Mathematical Implementation:
The output of a Packed-Ensemble layer is calculated by averaging the predictions from each subnetwork, as shown in the following equation:
$$ \hat{y} = M^{-1} \sum_{m=0}^{M-1} P(y|\theta_a^m, x) \quad \text{with} \quad \theta_a^m = ({\omega_j^{\alpha} \circ \text{mask}_{m}^j})_j $$
where:
- $\hat{y}$ represents the ensemble’s predicted label
- $P(y|θ_a^m, x)$ denotes the probability of class $y$ given the input $x$ and the parameters $θ_a^m$ of the $m-th$ subnetwork
- $\theta_a^m = ({\omega_j^{\alpha} \circ \text{mask}_{m}^j})_j$ represents the parameters of the $m-th$ subnetwork, obtained by applying element-wise multiplication ($∘$) between the expanded weights ($\omega_j^{\alpha}$) and the group mask ($\text{mask}_{m}$) for each layer $j$
Implementation
Equivalent architectures for Packed-Ensembles
The authors proposed a method for designing efficient ensemble convolutional layers using grouped convolutions. This approach exploits the parallelization capabilities of GPUs to accelerate training and inference. The sequential training architecture is replaced with parallel implementations, as shown in the part b and c of the figure above. This figure summarizes equivalent architectures for a simple ensemble of M=3 neural networks with three convolutional layers and a final dense layer. In these implementations, feature maps are stacked on the channel dimension (denoted as rearrange operation). This results in a feature map of size M × Cj × Hj × Wj, regrouped by batches of size B × M, where B is the batch size of the ensemble. To maintain the original batch size, the batch is repeated M times after rearrangement. Grouped convolutions with M groups and γ subgroups per subnetwork are employed. Each feature map is processed independently by each subnetwork, resulting in separate outputs. Grouped convolutions are used throughout to ensure gradients remain independent between subnetworks. Other operations, like Batch Normalization, can be applied if they are groupable or act independently on each channel. The figure below illustrates the masks used to encode Packed Ensembles for M=2 and M=2 with γ=2. Finally, implementations (b) and (c) of the figure above are equivalent. A standard convolution can replace the initial steps (rearrangement and first grouped convolution) if all subnetworks receive the same images simultaneously.

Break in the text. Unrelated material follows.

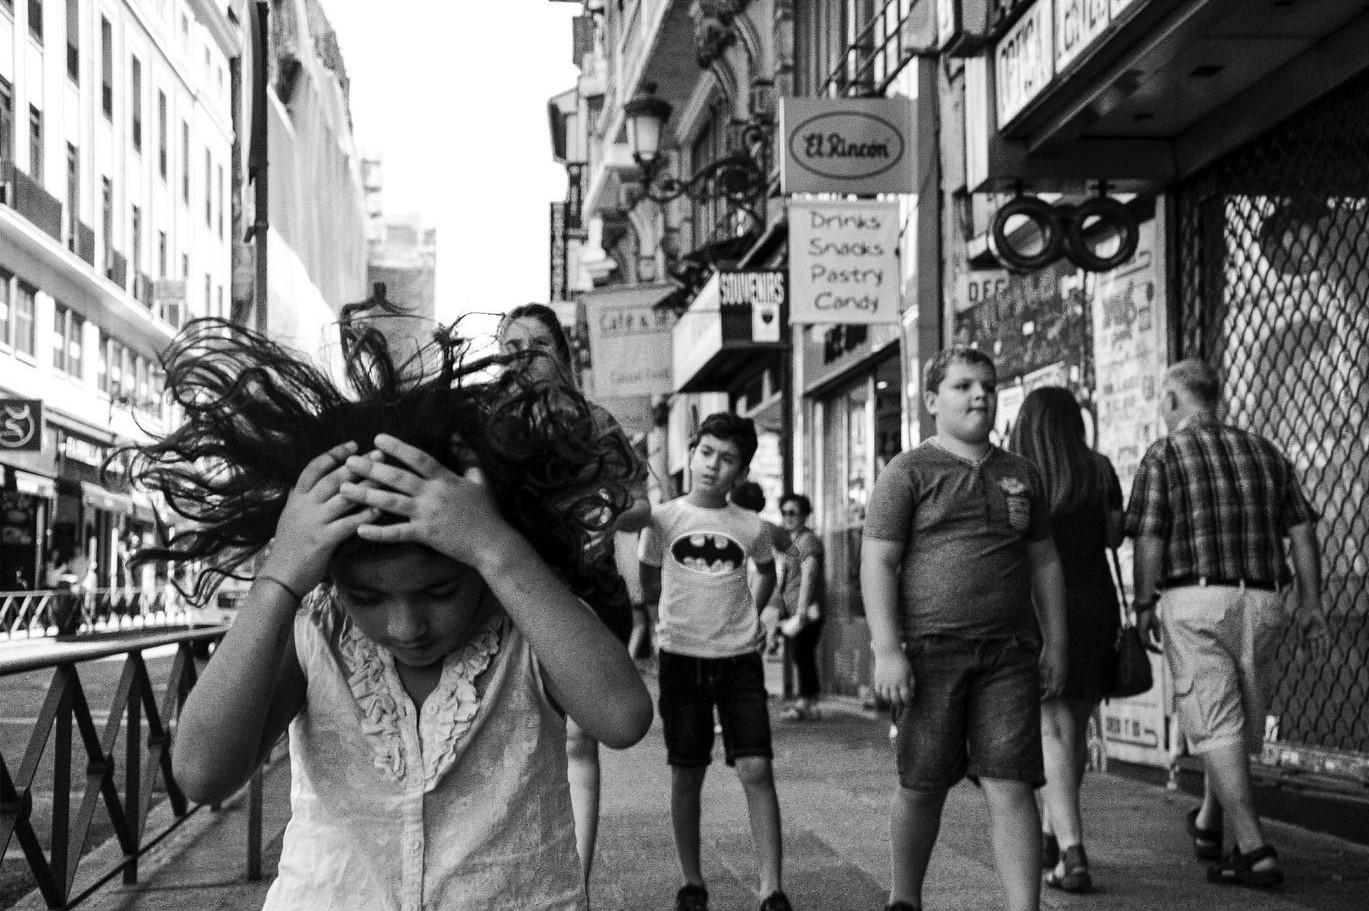 @pelodefanta_streets

Diagram representation of a subnetwork mask: maskj, with M = 2, j an integer corresponding to a fully connected layer
Experiments
The experiment section evaluates the Packed-Ensembles (PE) method on classification tasks. Here are the key points:
- Datasets: CIFAR-10, CIFAR-100, and ImageNet are used for various complexity levels.
- Architectures: PE is compared on ResNet-18, ResNet-50, Wide ResNet-28-10 against Deep Ensembles, BatchEnsemble, MIMO, and Masksembles.
- Metrics: Accuracy (%), Negative Log-Likelihood (NLL), Expected Calibration Error (ECE) for calibration, and Areas Under Precision-Recall (AUPR) and ROC (AUC) curves for Out-of-Distribution (OOD) detection are used.
- Implementation Details: Softmax probabilities from all subnetworks are averaged for prediction. Maximum value of the output vector is considered the class. SVHN dataset is used for OOD detection on CIFAR-10/100. Mutual Information (MI) is used as a criterion for ensemble techniques on ImageNet-O and Texture datasets. ImageNet-R is used to evaluate robustness under distribution shift.
- Code: PyTorch-Lightning framework is used for implementation.
Results
The experiment results show that Packed-Ensembles (PE) achieves similar performance to Deep Ensembles (DE) on classification tasks, but with lower memory usage. Here are the key findings:
- CIFAR-10/100:
- PE performs similarly or slightly better than DE on OOD detection and classification (especially with larger architectures like ResNet-50 and Wide ResNet).
- Smaller architectures (ResNet-18) might not have enough capacity for PE to perform as well on CIFAR-100.
- ImageNet:
- PE improves uncertainty quantification for OOD detection and distribution shift compared to DE and single models.
- PE achieves better accuracy with a reasonable increase in training and inference cost.
These results suggest that PE is a memory-efficient alternative to DE for tasks requiring good uncertainty estimation.
Packed-Ensembles of ResNet50 performance on CIFAR-10 and CIFAR-100
Ethics
This section emphasizes the ethical considerations of the research. Here are the key points:
- Goal: This research proposes a method to improve uncertainty estimation in deep learning models.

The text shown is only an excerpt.